Introduction

One of the most useful tools in the modern developer's toolbox is the feature flag. Feature flag enable you to deploy new features into a production environment, but restrict their availability. These are great for better control and experimentation of features.

What are feature flags ?

Feature flags are built upon conditional logic that control visibility of functionality for users at run time.

Feature flagging allows companies to quickly deliver and deploy software to their users. With the flick of a switch, you can activate a new feature for specific users without restarting the app or deploying new code, enable gradual feature rollouts, fix bugs more easily, and provide a more streamlined development cycle. Feature flagging is also useful for rolling back the code if needed.

Merits of feature flags

Feature flags have become an absolute necessity when releasing new features rapidly and safely. Here are some of the ways that they bring value to your software:

  • Continuous Experimentation: Conduct experimental feature releases to small user segments to validate feasibility and popularity.
  • Risk Mitigation: Stabilize a system by quickly deactivating a problem feature, avoiding the risks of a rollback or immediate hotfix.
  • Panic Resolution: Disable an optional feature with high resource consumption during peak usage periods.
  • Increase Engineering Velocity: Feature flags allow you to continuously test in production without risks. This way, you can release your features much faster to your users and since you’re continuously validating your changes on a subset of users, you end up with higher-quality and less buggy releases.
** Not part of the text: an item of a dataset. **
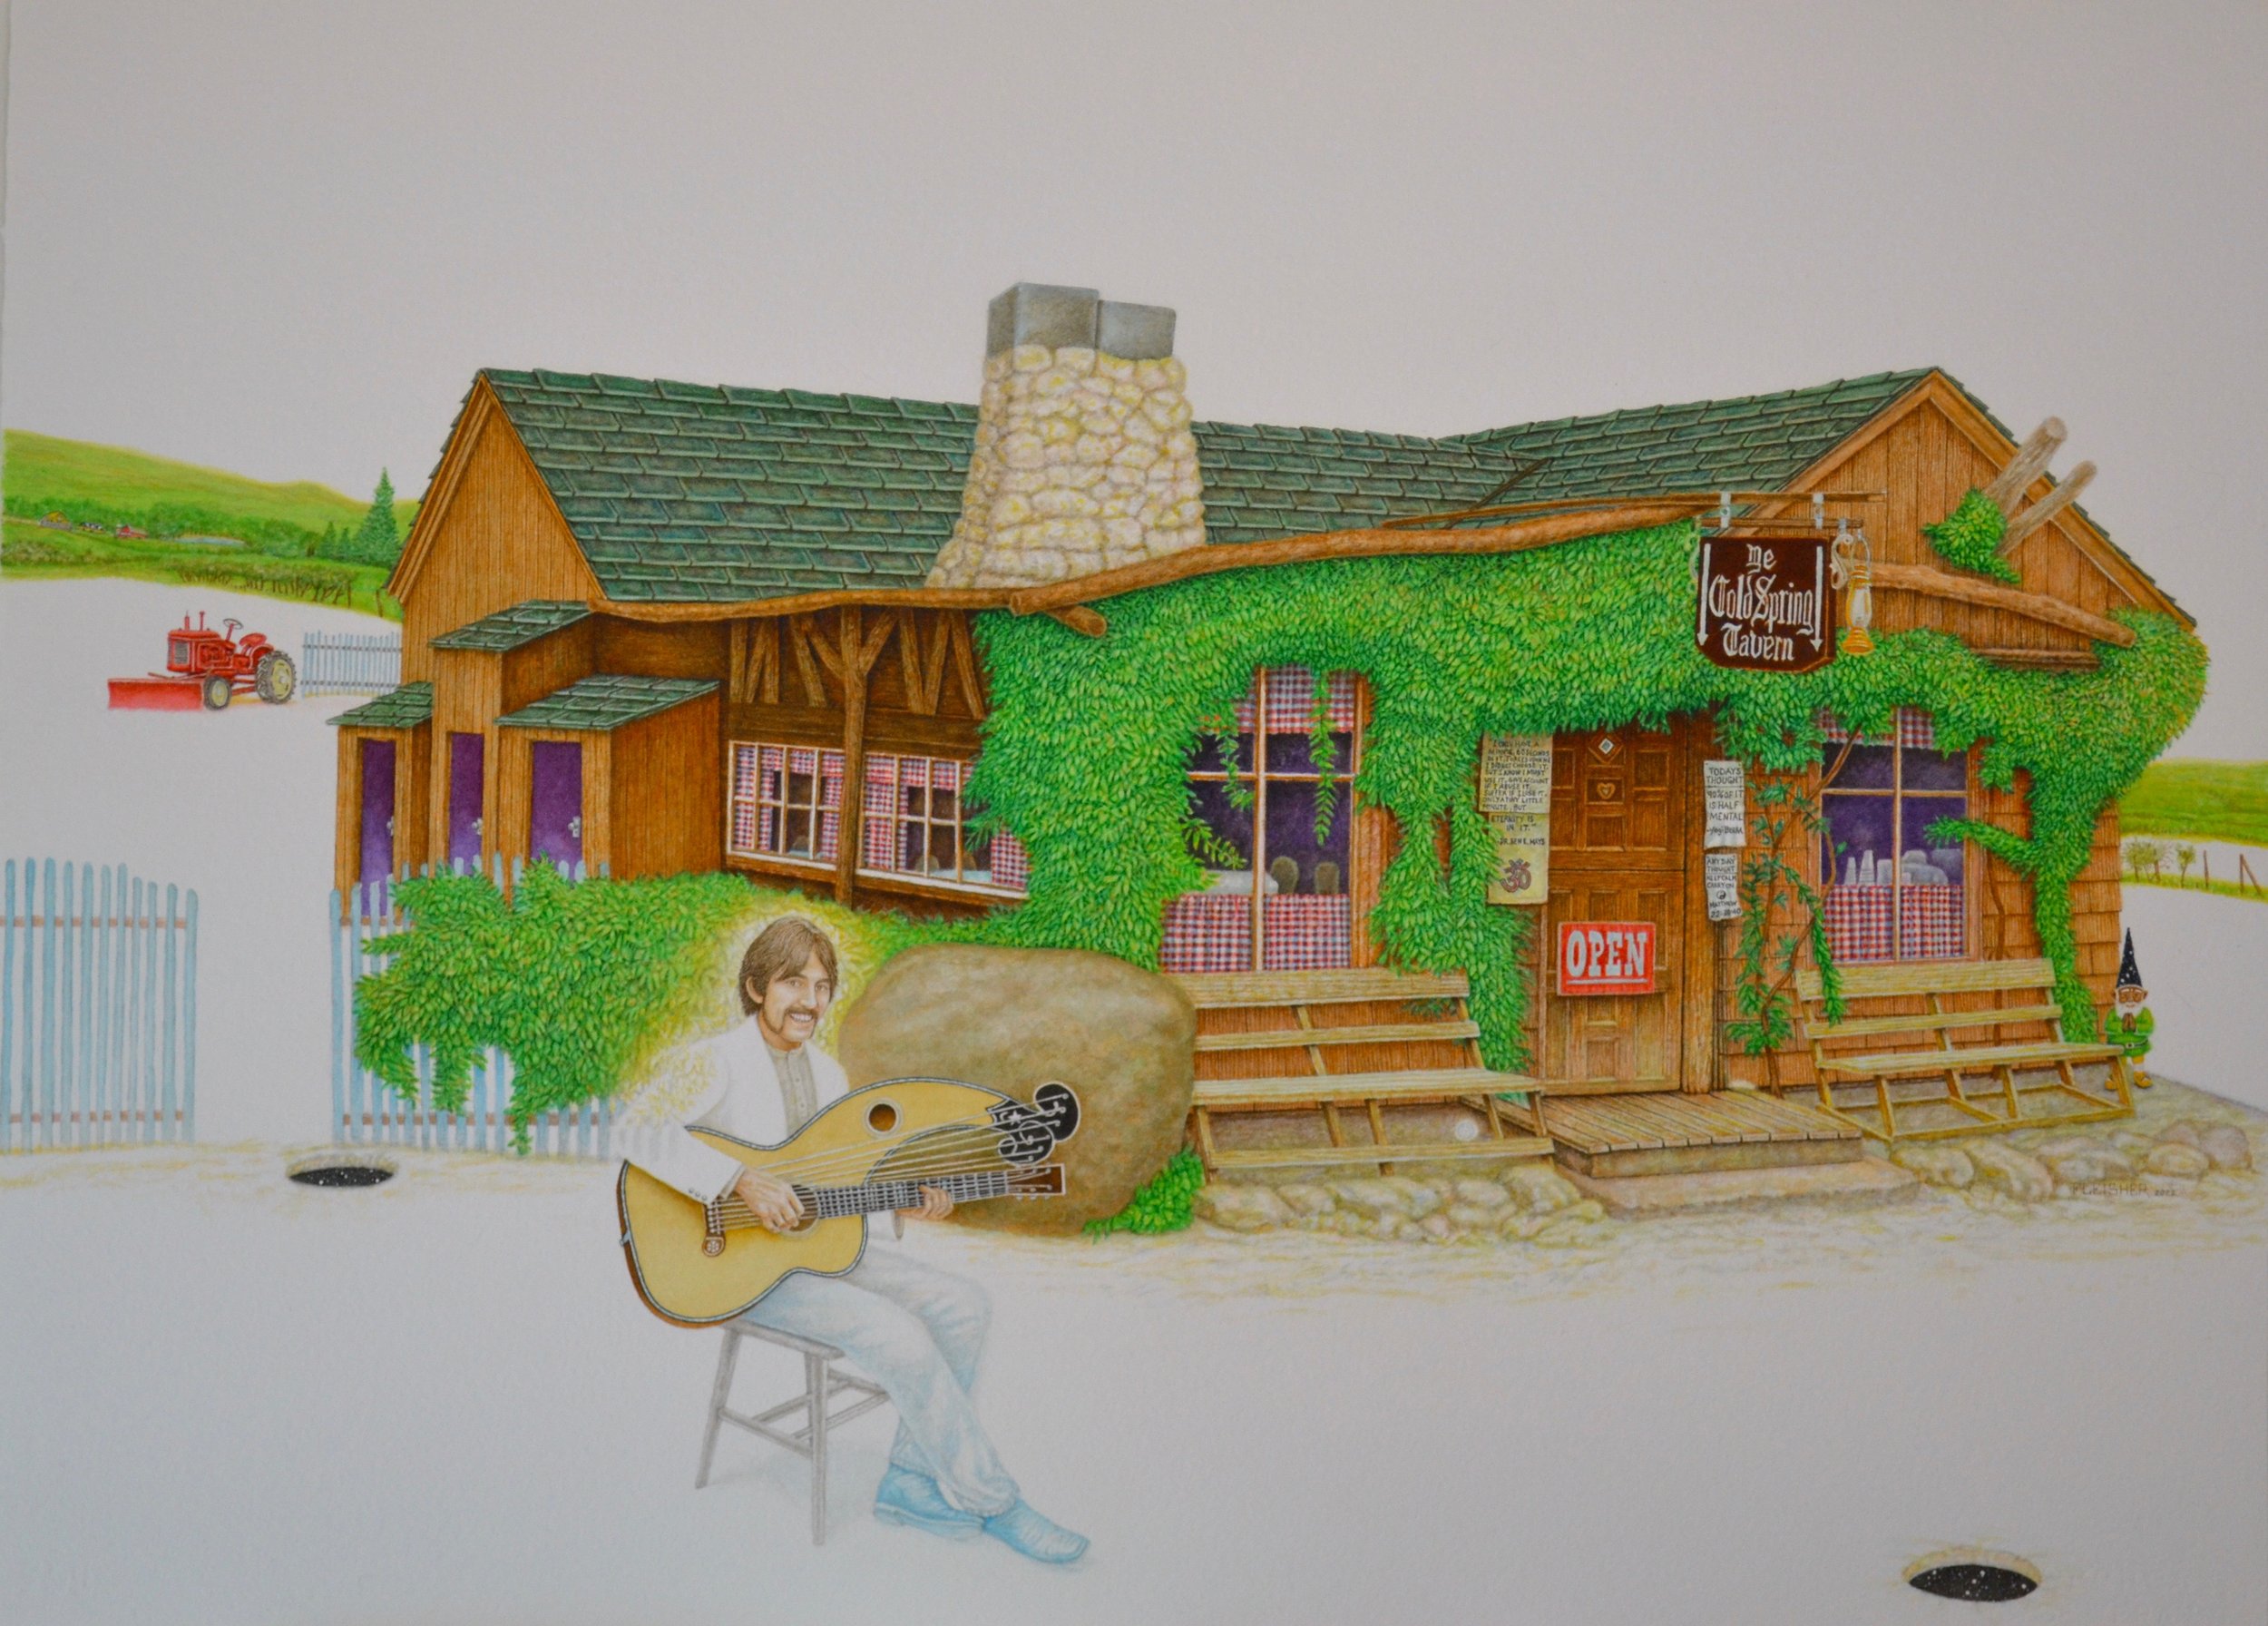 Ye Cold Spring Tavern with George Harrison  2022  30x22  watercolor

Challenges with feature flags

With time and as use-cases evolve, using feature flags can become complex, especially as some organizations opt for an in-house system which can lack the level of sophistication necessary to support your products.
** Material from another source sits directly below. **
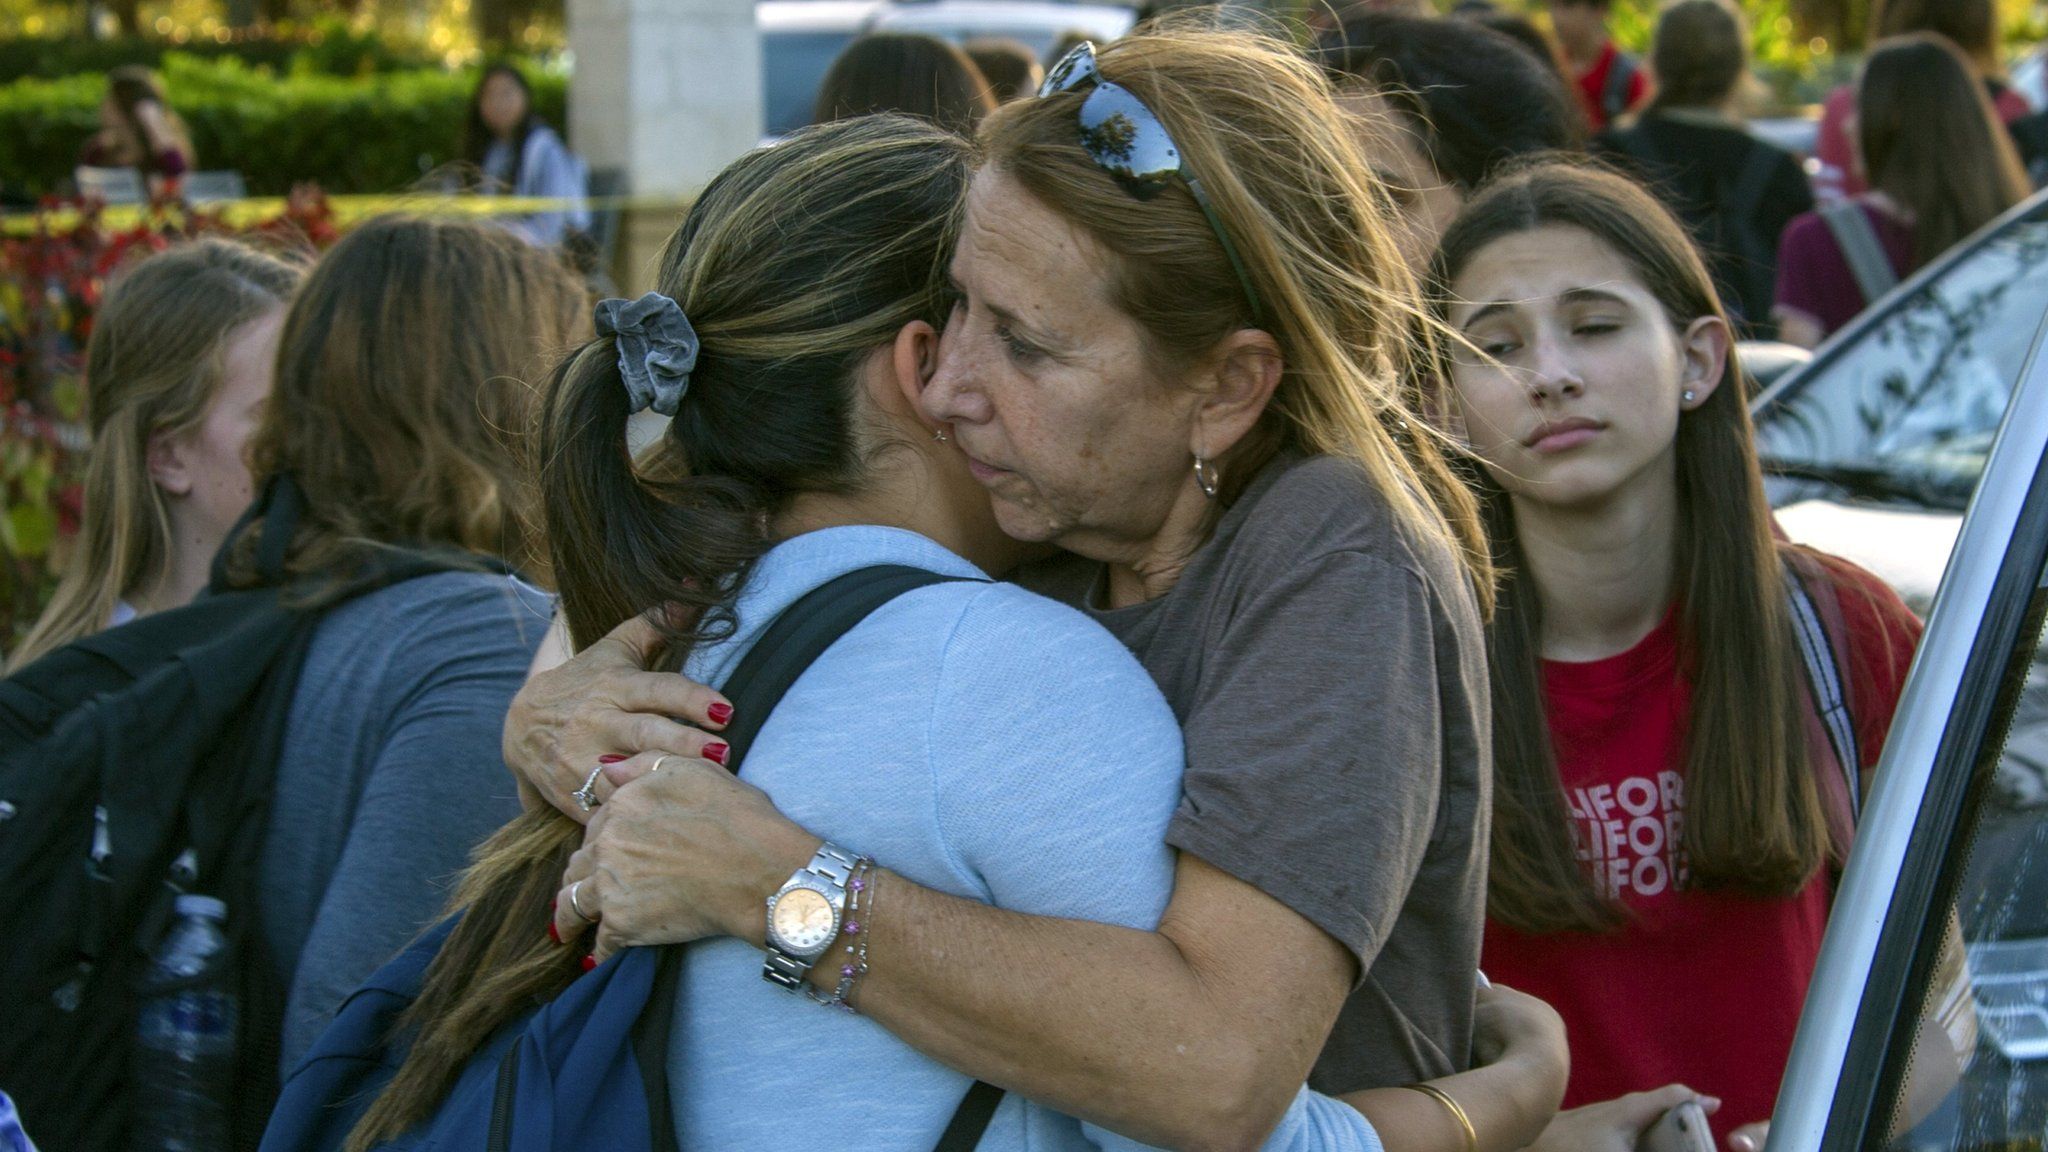 Students reunited with family after the shooting

Also, the build up of feature flags in your system can lead to messy code over time. These conditional statements scattered in your code base can disrupt the flow of your system and multiple code paths make it hard to determine the cause of an issue when it comes time to debug.

OpenFeature Standard

Thankfully, OpenFeature Standard tries to solve these challenges by providing an open standard for Feature Flag management. You can read more about the OpenFeature Standard at:

What you'll build

In this codelab, you'll build an app that makes use of Feature Flagging with the help of Clean Framework provided APIs based on Open Feature Standard. It will contain:

  • A login page that accepts an email
  • A counter page that styles itself based on feature flags; evaluated with email context
  • The counter decides the incrementing factor based on feature flags
..
Login Page
Counter page

What you'll learn

In this codelab, you'll learn to use the Feature Flagging APIs included in Clean Framework, in two different ways, viz. using FeatureBuilder and using OpenFeatureClient methods directly, including:

  • How to create your own FeatureProvider to fetch flag configuration from a JSON file
  • How to use FeatureScope to register the feature provider
  • How to use EvaluationContext to evaluate feature flags based on some state/context
  • How to use FeatureBuilder to resolve flags in UI
  • How to use OpenFeatureClient methods to resolve flags in non-UI code

What you'll need

  • Basic knowledge of Flutter development and Dart
  • Basic understanding of Feature Flag (read through the links provided above, in case you have missed them)
  • A code editor
  • The sample code (see next step)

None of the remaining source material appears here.